Future studies should focus on these non-immune functions of NFkB signaling and their association with addiction-related processes.

INTRODUCTION

Nuclear factor kappa light chain enhancer of activated B cells (NFkB) is a ubiquitous transcription factor with varied roles within the mammalian cell. While best known for its regulation of inflammation and innate immunity, NFkB has a wide range of gene targets and can influence complex behaviors such as learning and memory, addiction and depression. This review will highlight these diverse functions, and draw links between specific gene targets and the development of addictive-like behaviors. Some excellent reviews on similar topics have been published, but these have focused primarily on the neuroimmune response as a causal link between NFkB activation and substance abuse (Crews and Vetreno, 2011; Crews et al., 2011). This review will highlight the role of NFkB from a different angle. Specifically, we will put forth the idea that even though NFkB is involved in inflammation, this does not necessarily mean that NFkB is involved in addiction solely via the activation of inflammatory mediators. We will describe the role of NFkB in behavioral, cellular and molecular processes that may be mediated by gene targets not related to the innate immune response. While various drugs of abuse will be mentioned, the primary focus of this review will be on the role of NFkB in alcohol use disorders.

NFkB: HISTORY AND REGULATORY PROCESSES

Many excellent reviews on NFkB, its regulation and molecular effects have been published over the last several years (Neumann and Naumann, 2007; Oeckinghaus and Ghosh, 2009). These topics will be described briefly here, but the reader is referred to these reviews for more in-depth information concerning the general functions of this transcription factor.
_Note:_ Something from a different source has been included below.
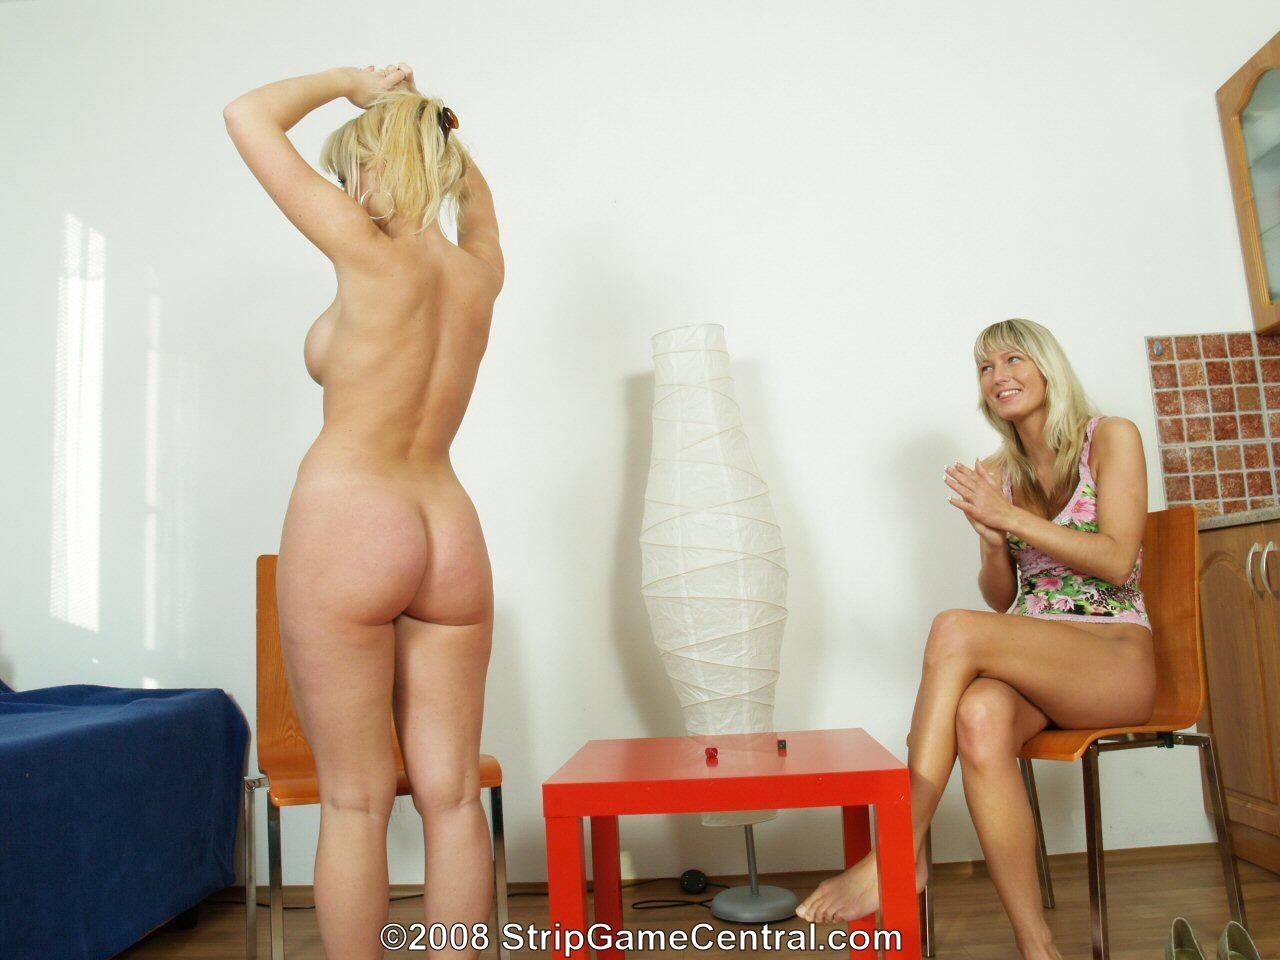 StripGameCentral:Nudity in strip games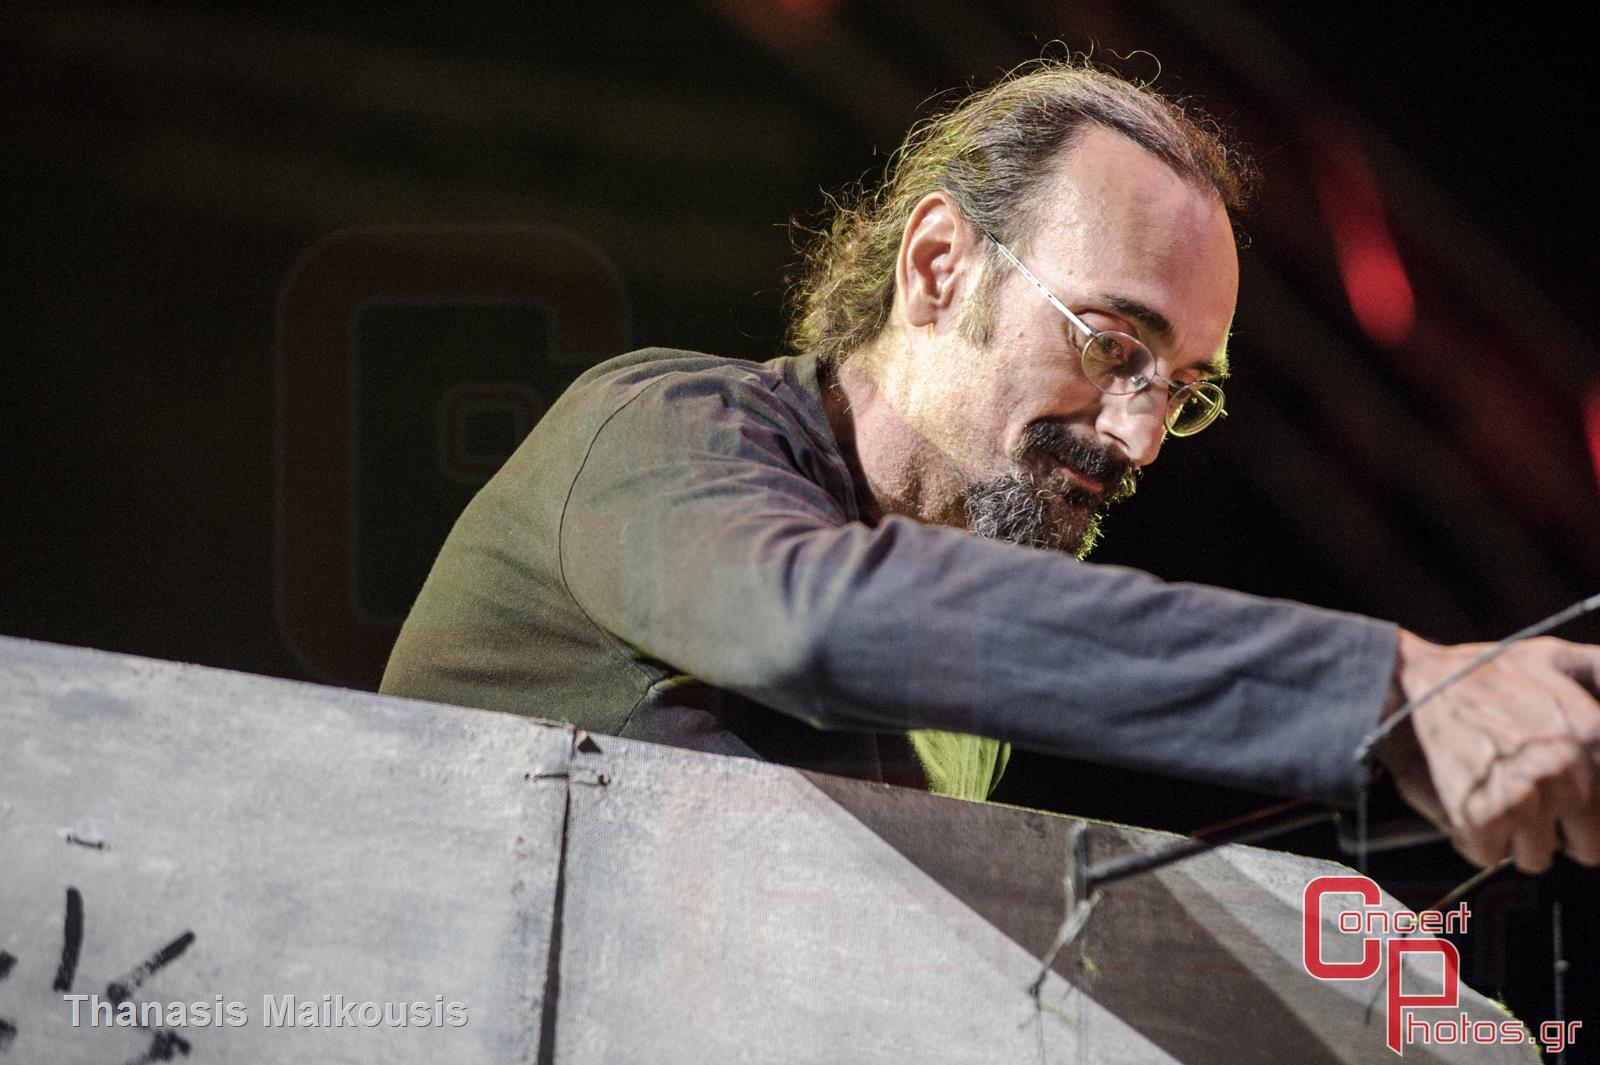 Active Member - Τραγούδα μας να φύγει το σκοτάδι- photographer: Thanasis Maikousis - concertphotos_-5061

NFkB, first identified by Sen and Baltimore in the 1980s (Sen and Baltimore, 1986), is widely expressed in many mammalian cell types and its binding elements are found in a vast range of genes with diverse functions. NFkB is most well known for its role in innate immunity and has gained much attention for being stimulated by inflammatory mediators such as cytokines and receptors that respond to bacterial infection, such as the toll-like receptors (TLRs). There are a number of subunits that can comprise a transcription factor dimer of the NFkB family, including p65, RelB, c-Rel, p50 and p52 (Oeckinghaus and Ghosh, 2009). These subunits form heterodimer and homodimer complexes, resulting in up to 15 dimers with varying functions within the cell. Each of the NFkB subunits contains a Rel homology domain, a conserved sequence 300 amino acids in length. The two most common subunits are p65 (RelA gene) and p50 (NFkB1 gene). Generally, p65/p50 heterodimers are thought to trigger active transcription while p50/p50 homodimers act as transcriptional repressors.

Under baseline conditions, NFkB subunit dimers are bound in the cytosol by an inhibitory protein known as inhibitor of NFkB (IkB). IkB kinase (IKK) complex consists of two catalytic subunits (IKKα and IKKβ) and a regulatory subunit (NEMO). When activated, IKK phosphorylates IkB, thus tagging it for proteasomal degradation and freeing the NFkB subunit dimers. TLR4, TNF-α receptor (TNFR) and interleukin-1 receptor (IL-1R) are known to stimulate NFkB through this pathway, as activation of these receptors leads to phosphorylation of IKK (Gerondakis et al., 2014), and this process is mediated by the adapter protein MyD88 (Laird et al., 2009). This pathway is considered the classical, or canonical, pathway of NFkB. In the alternative, or non-canonical, pathway, NFkB-inducing kinase (NIK) activates IKKα, which in turn phosphorylates p100, the precursor protein of p52. p100 is then processed into p52/RelB heterodimers (Gerondakis et al., 2014). After freeing from the IkB complex, NFkB dimers translocate to the nucleus where they bind to specific DNA sequences in the promoter region of a wide array of genes (Hayden and Ghosh, 2004; Oeckinghaus and Ghosh, 2009). Most prominently, NFkB stimulation triggers the expression of inflammatory mediators including cytokines, chemokines and cell adhesion molecules, thus creating a positive feedback loop (see Fig. 1 for schematic of NFkB regulation).

Fig. 1.

Fig. 1.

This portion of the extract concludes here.